A special problem in mnemonics is the memory of lists. Not only are lists a common and difficult-to-remember type of item in themselves, it’s often important to take other items you’ve memorized and put them in a list so you can find them later. As such, these are in some sense meta-techniques: you may apply some of the techniques listed above to memorize individual items, then link them together into lists.

  • Method of loci: This technique dates back at least to ancient Greece and was regularly taught for thousands of years, but many people today have never heard of it. To use this method, you imagine yourself walking through a place you know well, real or fictional, and mentally superimpose objects representing the ideas you want to memorize on the landscape, in specific locations (or loci). Later, you can “walk” back through the space to revisit the ideas.

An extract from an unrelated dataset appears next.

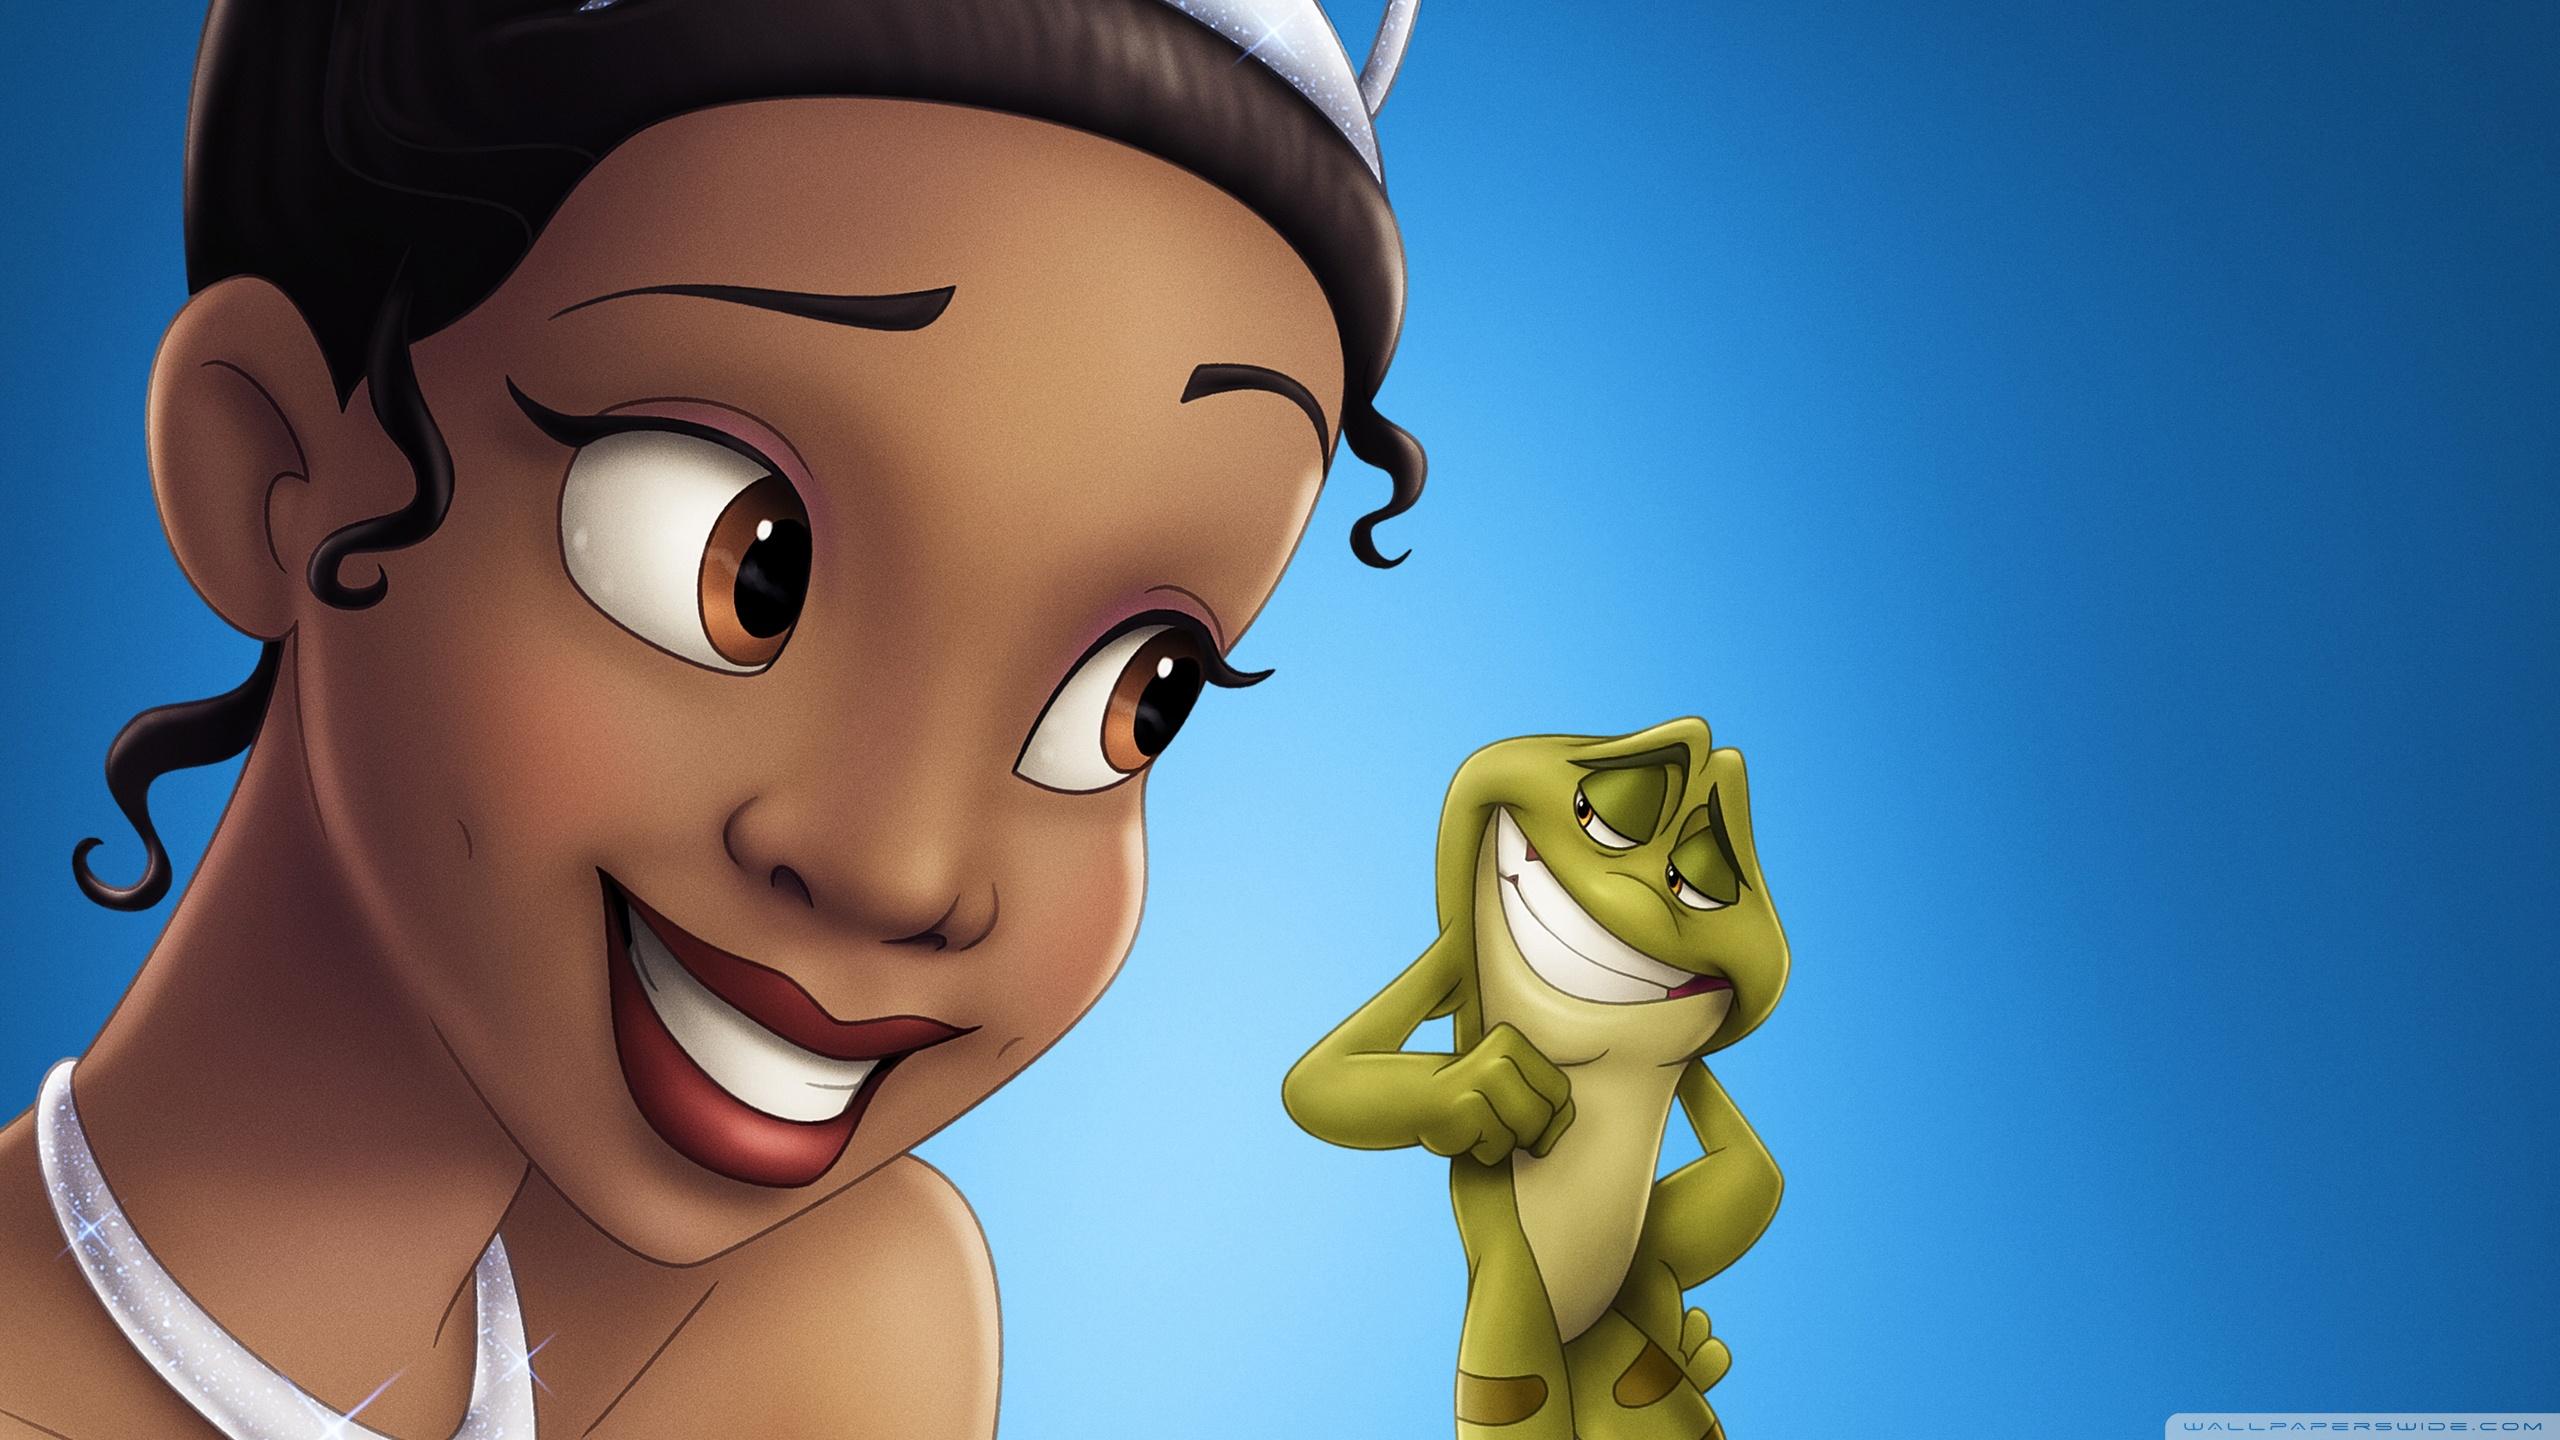 The Princess And The Frog ❤ 4K HD Desktop Wallpaper for 4K Ultra HD

    This may also be called the “memory palace” technique or simply “the art of memory.”

  • Linking: This technique is the method of loci without the imagined place. Instead of using a background location, image 1 is simply imagined interacting with image 2, then image 2 interacting with image 3, and so on. With the overlap in place, you can walk your way down the list by finding the “other” pair associated with each image. This method can be faster and easier than the method of loci, but is also riskier because forgetting one link may mean you lose track of other items as well.

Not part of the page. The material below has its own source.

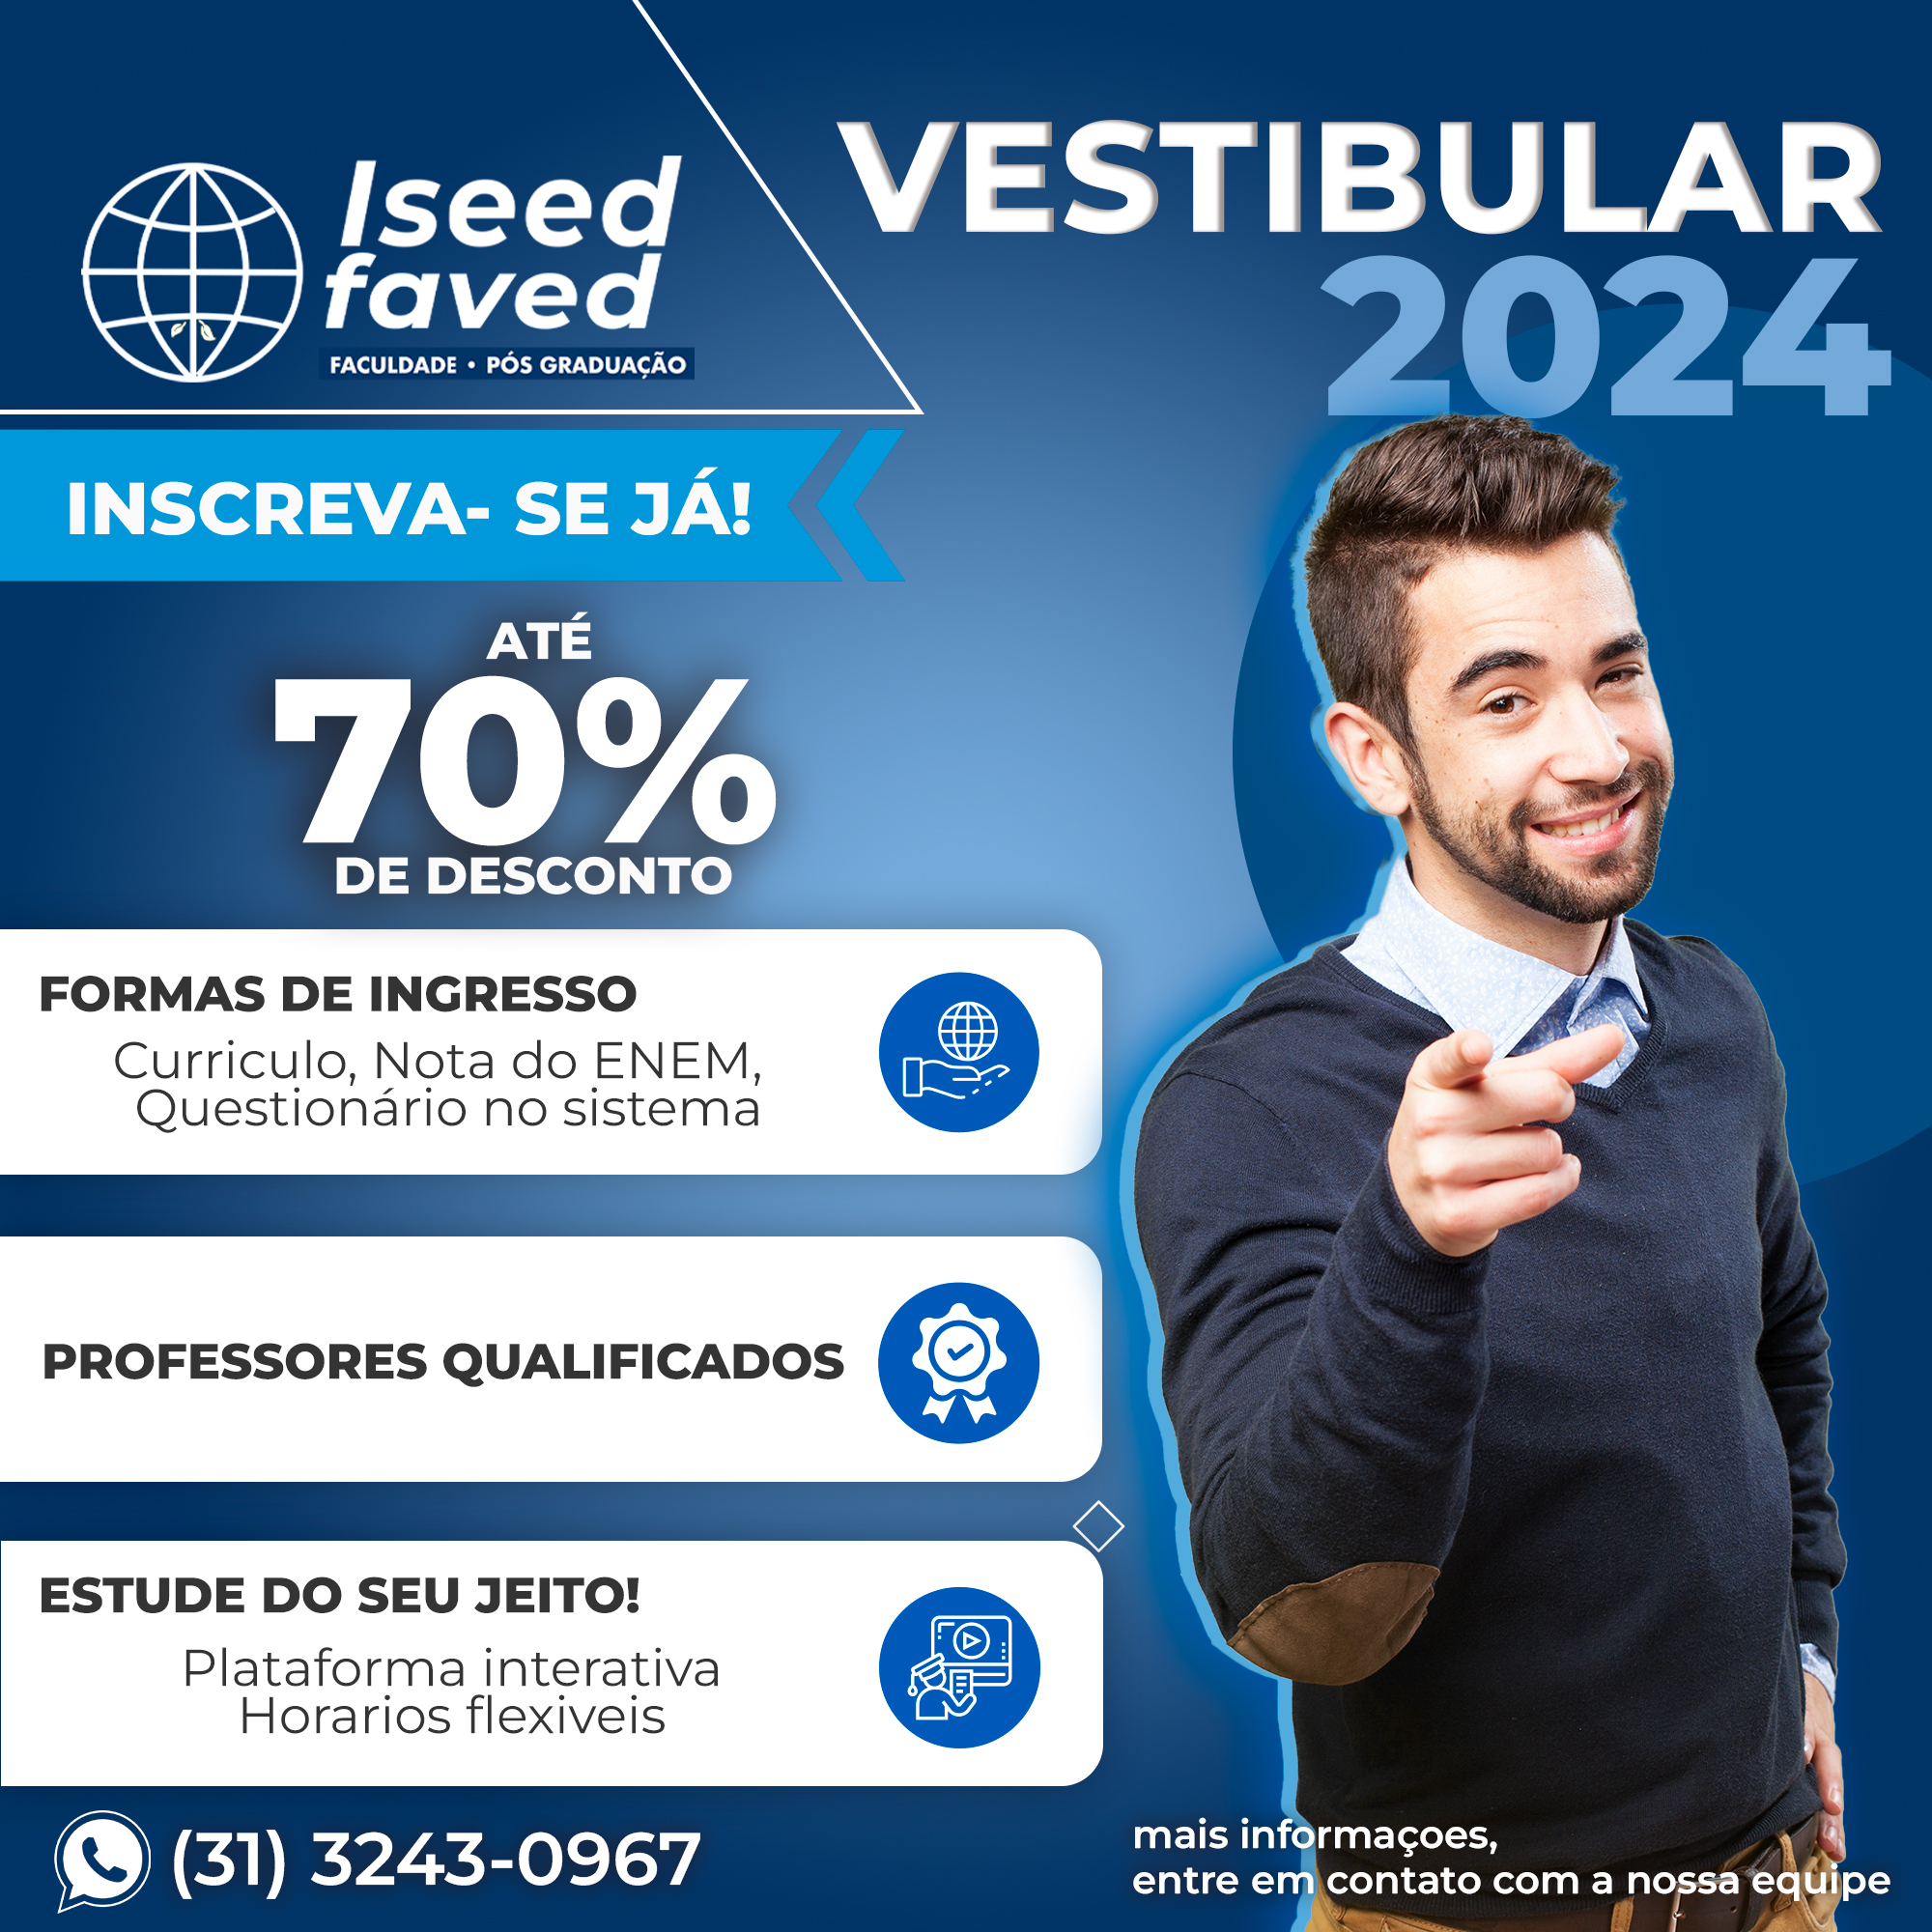 Iseed Faved Faculdades

  • Peg systems: This technique is helpful when you need to associate numbers with each item. You first memorize a list of items called pegs, which are arbitrary images associated with the numbers (the Major System is a popular way to make the associations of these images to their numbers memorable). Then you can memorize the number of any item by linking your mnemonic image for the item with the peg. For a system in which you can either “scan” or get the number of an item, you can combine this with the method of loci.

  • Initialisms: For items that have a strong linguistic component, you can make up silly phrases where the first letter of each word matches the first letter of each list. These have the benefit of being more easily recorded on flashcards or shared with other people, though they may not be as effective and they’re a poor choice for long lists.

The hardest part of many of these techniques is memorizing the mnemonic mappings themselves. While you can try to pick associations that have some meaning to you, often with some success, there is likely no particular reason Wednesdays should be red, or the number 2 should make an n sound. Memorizing mnemonic mappings well enough to use them effectively can admittedly be infuriating at times. If you stick with it, though, you’ll soon enough be rewarded with a personalized system that will work for the rest of your life.


In future posts in this section, we’ll look a bit deeper into several of these techniques and how you might use them with Anki. This series is not intended to be a definitive guide to mnemonics, however; while I can use mnemonics perfectly well, I’m hardly an expert and many good resources have been written already. If something in this list intrigues you, you can and should go learn about it right now!